# Ragged 12/24 & 25/2013



## Abubob (Dec 26, 2013)

*Date(s) Skied: * Dec 24 and 25, 2013

*Resort or Ski Area: * Ragged Mt., Danbury, NH

*Conditions: * Really Really Hard Pack

*Trip Report: * Its awesome to see all the Jesuit Solstice reports after the drenching we got. The conditions at Ragged were very similar to everywhere else. The best skiing by far on Tuesday the 24[SUP]th[/SUP] was on Flying Yankee. Soft groomed snow edge to edge. Next best was Blueberry to Lower Ridge with kind of a golf ball finish. Nto be confused with Upper Ridge to Newfound Ridge to Main Street to Village Green, which was hardened corduroy that made a BBBpppppccccchhhh sound each turn. And since they were blowing snow on Exhibition all day I didn’t care to try it.

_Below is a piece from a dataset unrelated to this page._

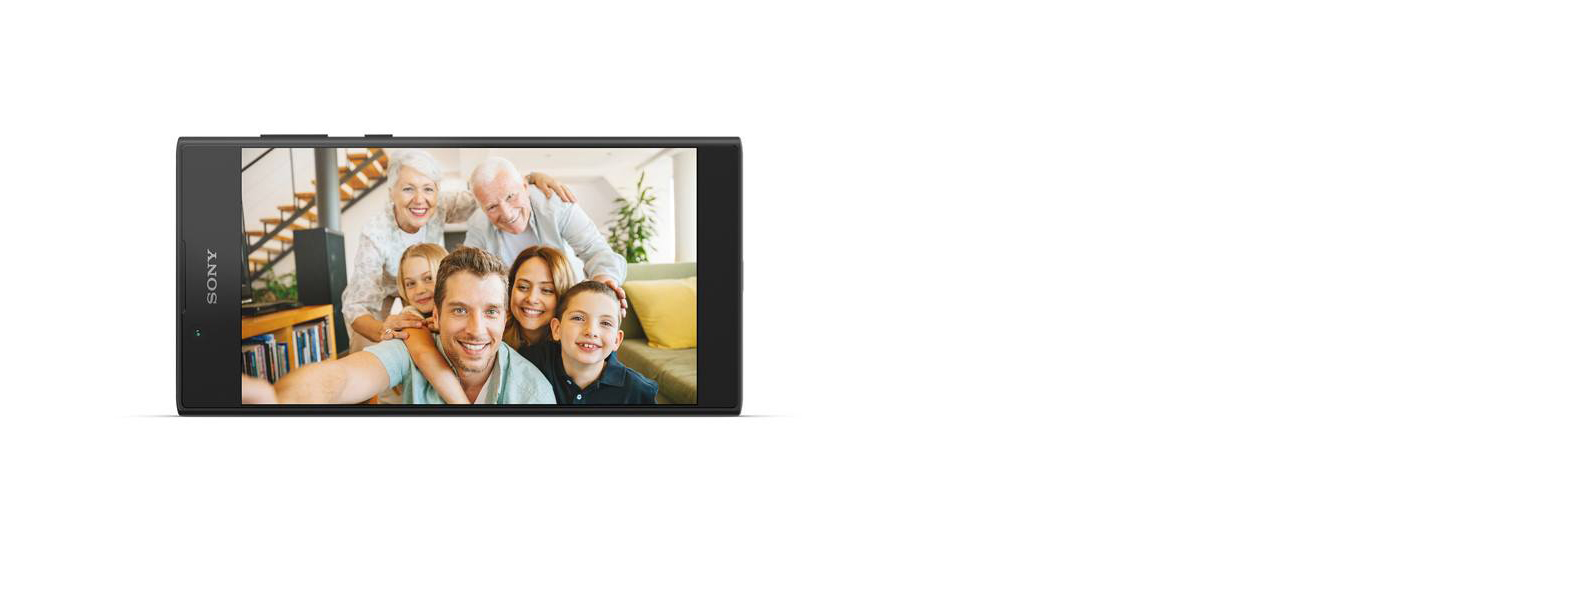 Sony Xperia L1 (6)

Wednesday was a bit more even. The cord had been smoothed by the numerous skiers. Exhibition hadn’t been groomed with huge whales top to bottom but at least they weren’t blowing snow at that point.

I will post photos and am working on another short edit vid.


----------



## Abubob (Dec 26, 2013)

The promised photos:

The snow was melting in the sunny side going up and freezing on the shady side coming down - kinda icy




Exhibiation Snowmaking by Bob Misu, on Flickr

I just thought this look cool




Scallop sky by Bob Misu, on Flickr

Folks were so amazed by what Showoboat is really made of I had to take a closer look




Showboat scree field by Bob Misu, on Flickr


----------



## MadMadWorld (Dec 26, 2013)

That second shot is very cool!


----------



## Abubob (Dec 27, 2013)

Thanks Mad.

The edit is coming along very slowly so here's something unedited almost directly from the Gopro. The guy in orange is 70 years old thus the title.


----------



## MadMadWorld (Dec 27, 2013)

Abubob said:


> Thanks Mad.
> 
> The edit is coming along very slowly so here's something unedited almost directly from the Gopro. The guy in orange is 70 years old thus the title.



I hope I can ski like that at 70


----------



## Abubob (Dec 27, 2013)

MadMadWorld said:


> I hope I can ski like that at 70



His only complaint was that he couldn't keep his hood up over his helmet. I wonder why? :roll:


----------